Page number counting |AMC 8- 2010 -|Problem 21

Try this beautiful problem from Algebra about Page number counting

Page number counting | AMC-8, 2010 |Problem 21


Hui is an avid reader. She bought a copy of the best seller Math is Beautiful. On the first day, Hui read \(\frac{1}{5}\) of the pages plus more, and on the second day she read  \(\frac{1}{4}\) of the remaining pages plus 15 pages. On the third day she read \(\frac{1}{3}\) of the remaining pages plus 18 pages. She then realized that there were only  62 pages left to read, which she read the next day. How many pages are in this book?

  • 320
  • 240
  • 200

Key Concepts


Algebra

Arithmetic

multiplication

Check the Answer


Answer:$240$

AMC-8, 2010 problem 21

Challenges and Thrills in Pre College Mathematics

Try with Hints


assume that the number of all pages be \(x\)

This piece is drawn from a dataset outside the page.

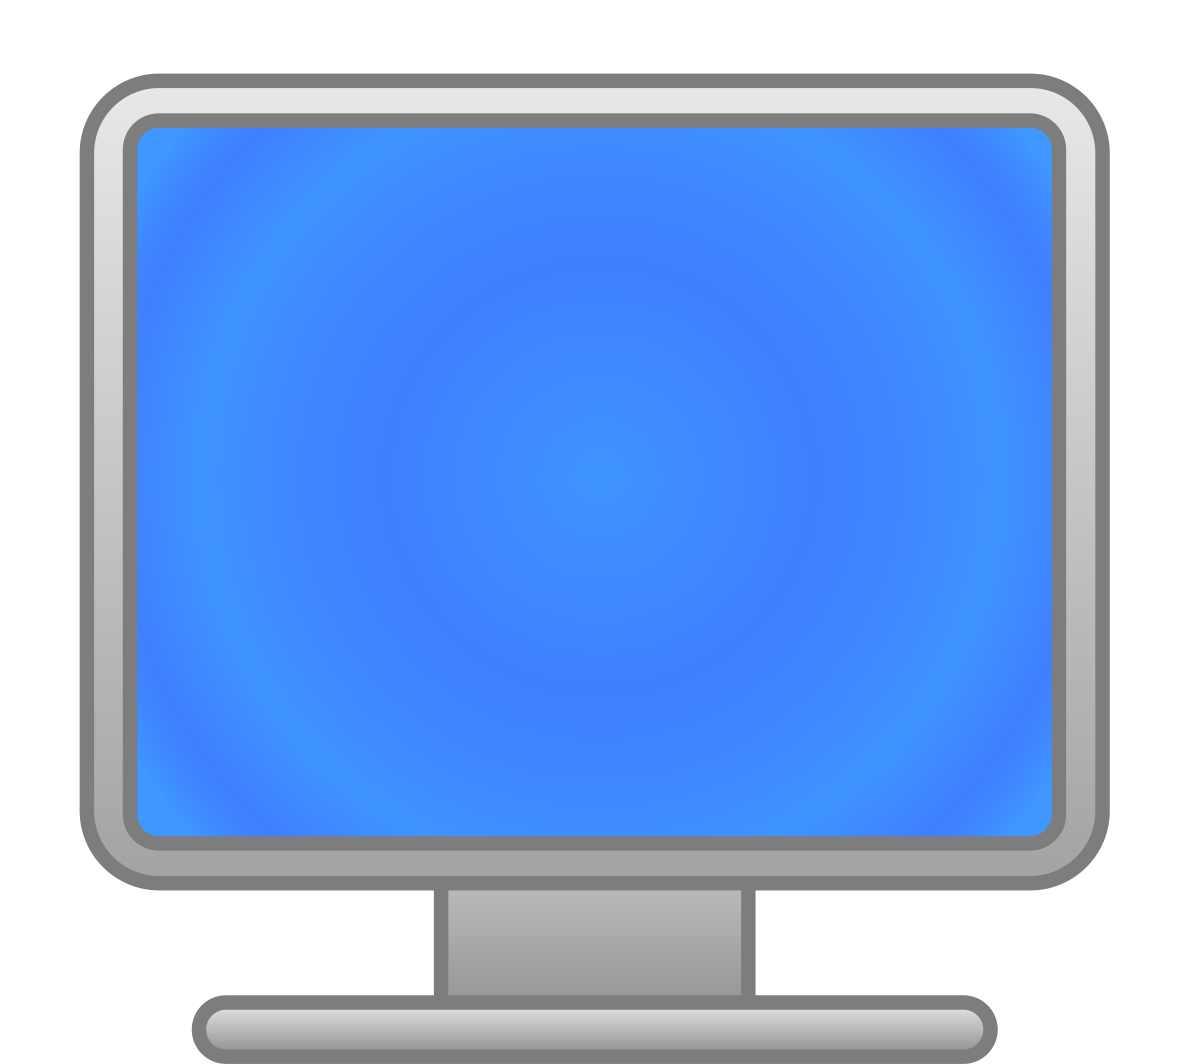 File:Simple Monitor Icon.Svg - Wikimedia Commons

Can you now finish the problem ……….

count day by day

can you finish the problem……..

Let x be the number of pages in the book

First day ,Hui Read \(\frac{x}{5} + 12\) pages

After first day Remaining pages=\(\{x-(\frac{x}{5}+12)\}\)=\(\frac{4x}{5} -12\)

Second day ,Hui Read \(\frac{1}{4} (\frac{4x}{5} -12) +15=\frac{x}{5} +12\)

After Second day Remaining pages= \((\frac{4x}{5} -12) -(\frac{x}{5} +12)\)=\(\frac{4x}{5} -\frac{x}{5}-24\)=\(\frac{3x}{5} -24\)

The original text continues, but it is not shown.